Ulrick & Short has launched a campaign to raise awareness of the options for clean-label healthy reformulation, while also assisting in understanding the implications of upcoming HFSS legislation.
HFSS legislation is designed to improve the nutritional profiles of food in the UK. From October 2022, products from more than 15 categories will be given a health score based upon their levels of saturated fat, sugar, calories & salt, as well as fibre, protein, and fruit, veg & nut content. If products score 4 or more, they will be subject to restrictions on marketing, volume promotions & in-store placements.
Ulrick & Short’s R&D Manager, Danni Schroeter, said: “We have 4 main avenues through which we can help with healthy reformulation & HFSS scores.” These are fat reduction, sugar reduction, protein fortification and fibre fortification. The company says it can enable a 50% reduction in fat and sugar, replacing the functional properties of both, while it can enrich products with proteins and fibre for better nutritional profiles and claims. The company says all of this can be achieved with little to no impact on product flavour.
The company is also offering reformulation training designed to demonstrate ways of improving health scores & nutritional profiles specific to manufacturers’ applications.
It has made various strategic partnerships to strengthen its reformulation offering. Head of Marketing & Communications at U&S, Robert Lambert, said: “We have expanded our expertise & worked with academic & commercial partners to become an authority on healthy reformulation”.

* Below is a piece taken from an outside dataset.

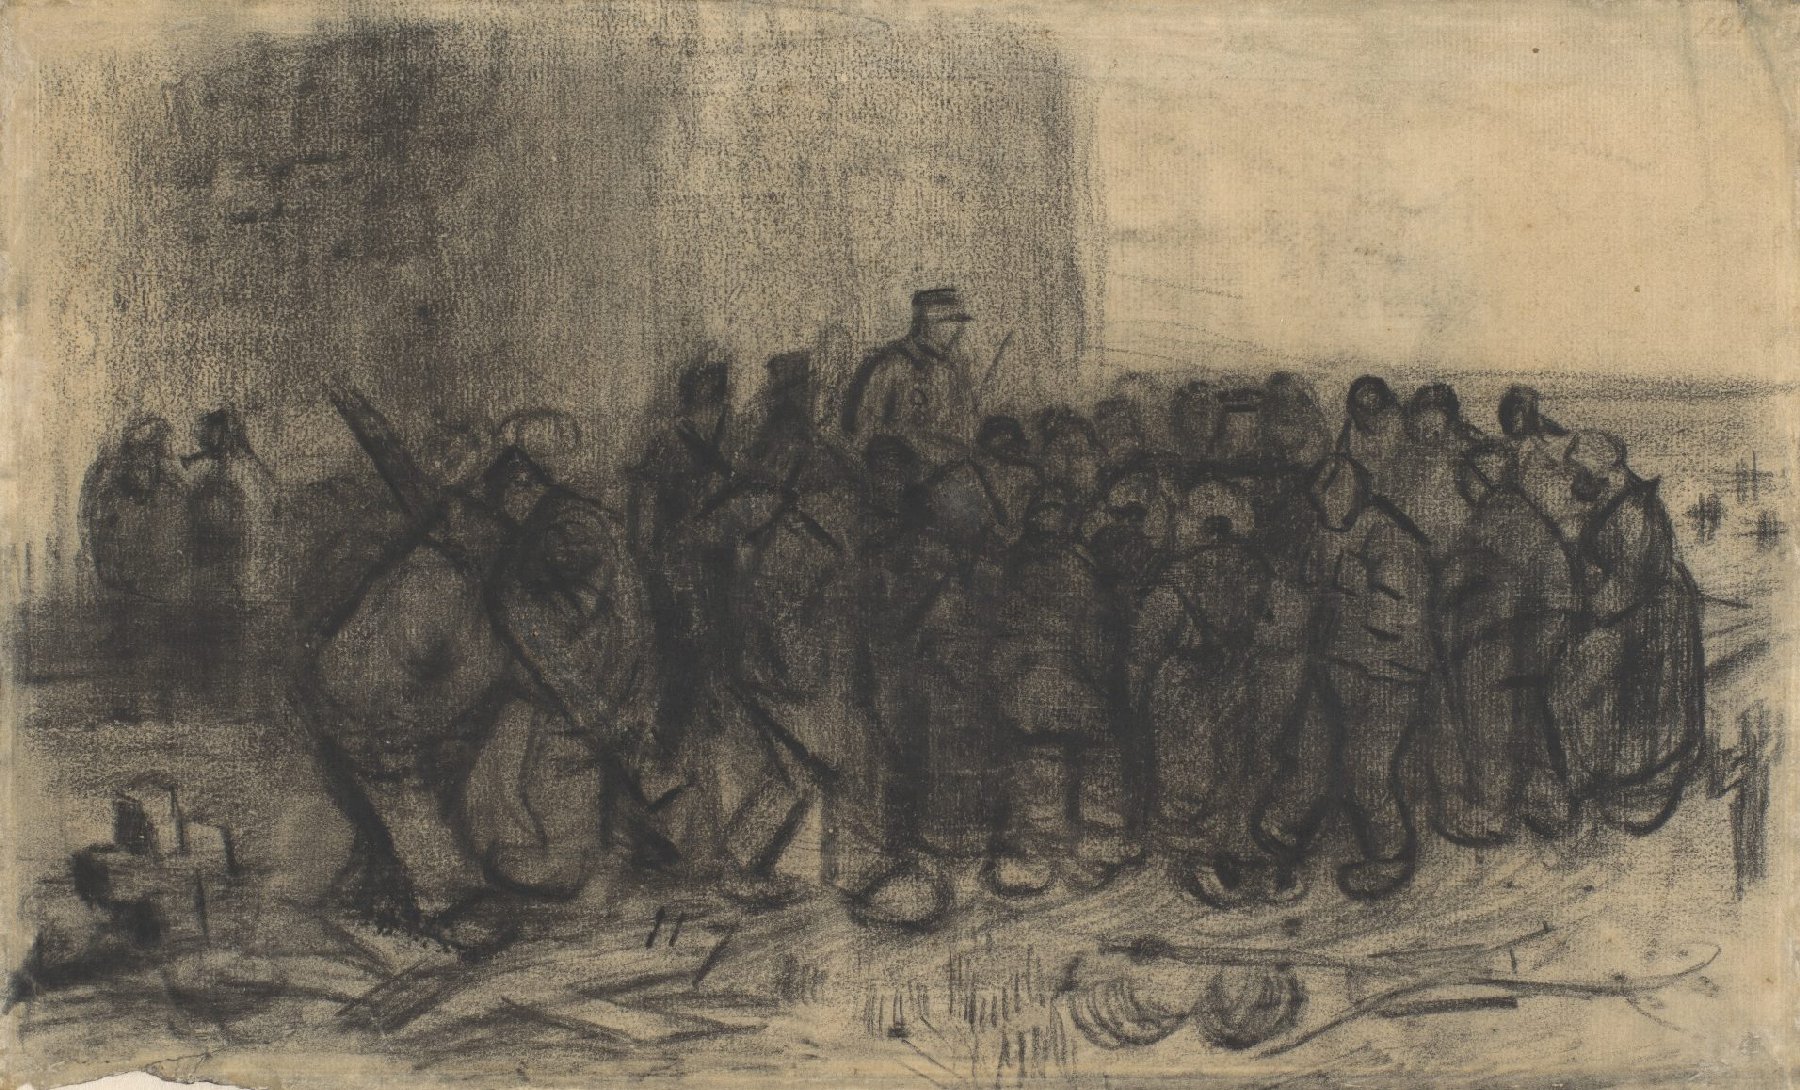 Verkoping van afbraak Vincent van Gogh (1853 - 1890), Nuenen, mei 1885

Lambert added: “In the academic sphere, we have partnered with Harper Adams Food Technology Department – we’re collaborating with students to develop a clean-label, plant-based & HFSS compliant snacking product using U&S ingredient technologies.”
The company recently partnered with Food and Drink Federation Scotland’s Reformul8 Partnership. The initiative offers advice to Scottish manufacturers in order to improve nutritional profiles, as well as “linking up all the stakeholders involved in getting a healthier, reformulated product onto the dinner table.”
Joanne Burns, Reformulation for Health Manager at Food and Drink Federation Scotland, said, “Food producers cannot reformulate alone… The Partnership connects multiple stakeholders involved in reformulation… includ[ing] ingredient suppliers, food manufacturers to wholesalers, retail, catering, and industry stakeholders.”